Create a virtual model

1

Open Virtual Models in AI Gateway

From the TrueFoundry dashboard, go to AI GatewayModelsVirtual Model.
Navigate to Virtual Models in AI Gateway
Virtual models live inside Virtual Model Provider Groups. You can add models to an existing group or create a new group when you start.
2

Create or select a provider group and set access controls

Give the group a unique name (3–64 characters, alphanumeric and hyphens, cannot start with a number). Configure collaborators:
  • User — May call the virtual models in this group for inference.
  • Manager — May change virtual model configuration.
Create Virtual Model Provider Group and configure access controls
See Gateway access control for details.
3

Define the virtual model, strategy, and targets

For each virtual model in the group, set:
  • Name — Identifier used in the full path group-name/virtual-model-name (for example gpt-4-production).
  • Model types — Operation kinds this virtual model supports (chat, completion, embedding, and so on). All targets must support the operation you invoke.
  • Routing strategy — Choose one of three strategies:
    StrategyWhen to use
    Weight-basedCanaries, fixed capacity splits, A/B allocation. Assign weights that sum to 100.
    Latency-basedAutomatic performance chasing. No weights needed — the gateway picks the fastest.
    Priority-basedPrimary + backup topologies. Assign priority numbers (0 = highest).
    For how each strategy works, see the overview.
  • Target models — For each target, configure:
    FieldDescription
    TargetA real model from the catalog (not another virtual model).
    WeightTraffic share (weight-based only). Weights across targets should sum to 100.
    PriorityPriority level (priority-based only). Lower number = higher priority.
    Retry configAttempts, delay (ms), and status codes that trigger retries. Defaults: 2 attempts, 100 ms delay, retry on 429, 500, 502, 503.
    Fallback status codesHTTP codes that cause fallback to another target. Defaults: 401, 403, 404, 429, 500, 502, 503.
    Fallback candidateWhether this target may receive traffic when another target fails. Default: true.
    Override parametersPer-target request parameters like temperature, max_tokens, or prompt_version_fqn for model-specific prompts.
    Header overridesInject or remove HTTP headers for this target only. Use set to add/overwrite headers and remove to strip them.

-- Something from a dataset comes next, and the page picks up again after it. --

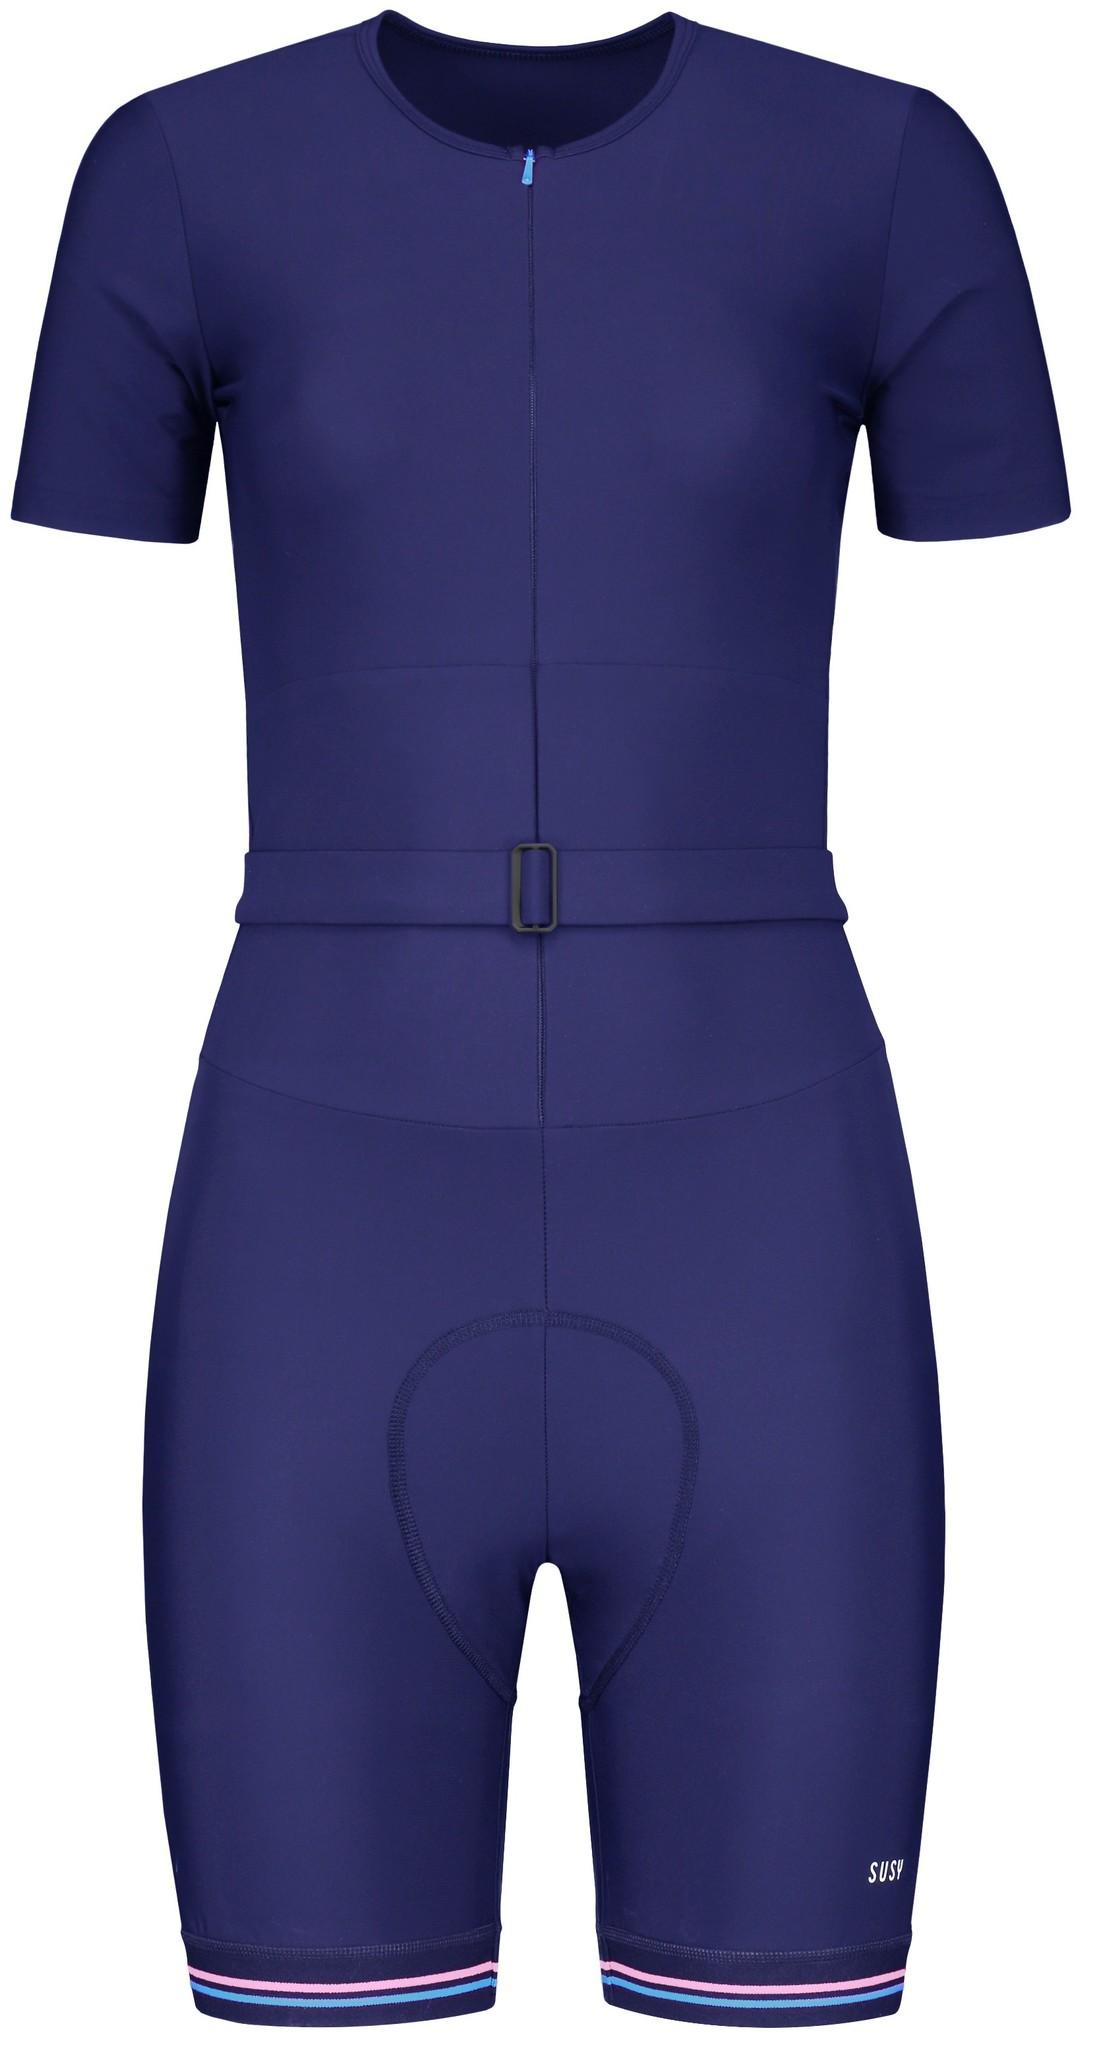 Women's cyclingsuit - Navy

See header overrides.
    prompt_version_fqn override does not apply when using agents with MCP/tools; it is supported for standard chat completion requests.
  • Slug (optional) — Short global alias for this virtual model. See Slugs.
Configure virtual model details, routing strategy, and target models
Configure the slug in the Virtual Model Provider Group settings. Slugs must be unique across all virtual models in the tenant.

Common patterns

The following YAML sketches show the routing_config shape used inside a virtual model. In the dashboard, the same fields are set in the UI.
routing_config:
  type: priority-based-routing
  load_balance_targets:
    - target: azure/gpt4
      priority: 0
      fallback_status_codes: ["429"]
    - target: openai/gpt4
      priority: 1
      fallback_status_codes: ["429"]
    - target: anthropic/claude-3-opus
      priority: 2
routing_config:
  type: weight-based-routing
  load_balance_targets:
    - target: azure/gpt4-v1
      weight: 90
    - target: azure/gpt4-v2
      weight: 10
routing_config:
  type: priority-based-routing
  load_balance_targets:
    - target: onprem/llama
      priority: 0
      fallback_status_codes: ["429", "500", "502", "503"]
    - target: bedrock/llama
      priority: 1
      retry_config:
        attempts: 2
        delay: 100
routing_config:
  type: latency-based-routing
  load_balance_targets:
    - target: azure/gpt4
      retry_config:
        attempts: 1
    - target: openai/gpt4
      retry_config:
        attempts: 1
routing_config:
  type: weight-based-routing
  load_balance_targets:
    - target: openai/gpt4
      weight: 70
      override_params:
        prompt_version_fqn: chat_prompt:internal/my-app/gpt4-optimized-prompt:1
    - target: anthropic/claude-3-opus
      weight: 30
      override_params:
        prompt_version_fqn: chat_prompt:internal/my-app/claude-optimized-prompt:1
routing_config:
  type: weight-based-routing
  sticky_routing:
    ttl_seconds: 3600
    session_identifiers:
      - key: x-user-id
        source: headers
      - key: x-conversation-id
        source: headers
  load_balance_targets:
    - target: provider-a/model-a
      weight: 70
      fallback_candidate: true
    - target: provider-b/model-b
      weight: 30
      fallback_candidate: true

Environment- or segment-specific routing

Use different virtual model names per environment or segment (for example booking-app/gpt-prod vs booking-app/gpt-dev) and have your client pass the appropriate model. You can still send metadata and headers for observability, rate limits, and other gateway features; routing for a given virtual model name is always defined on that virtual model.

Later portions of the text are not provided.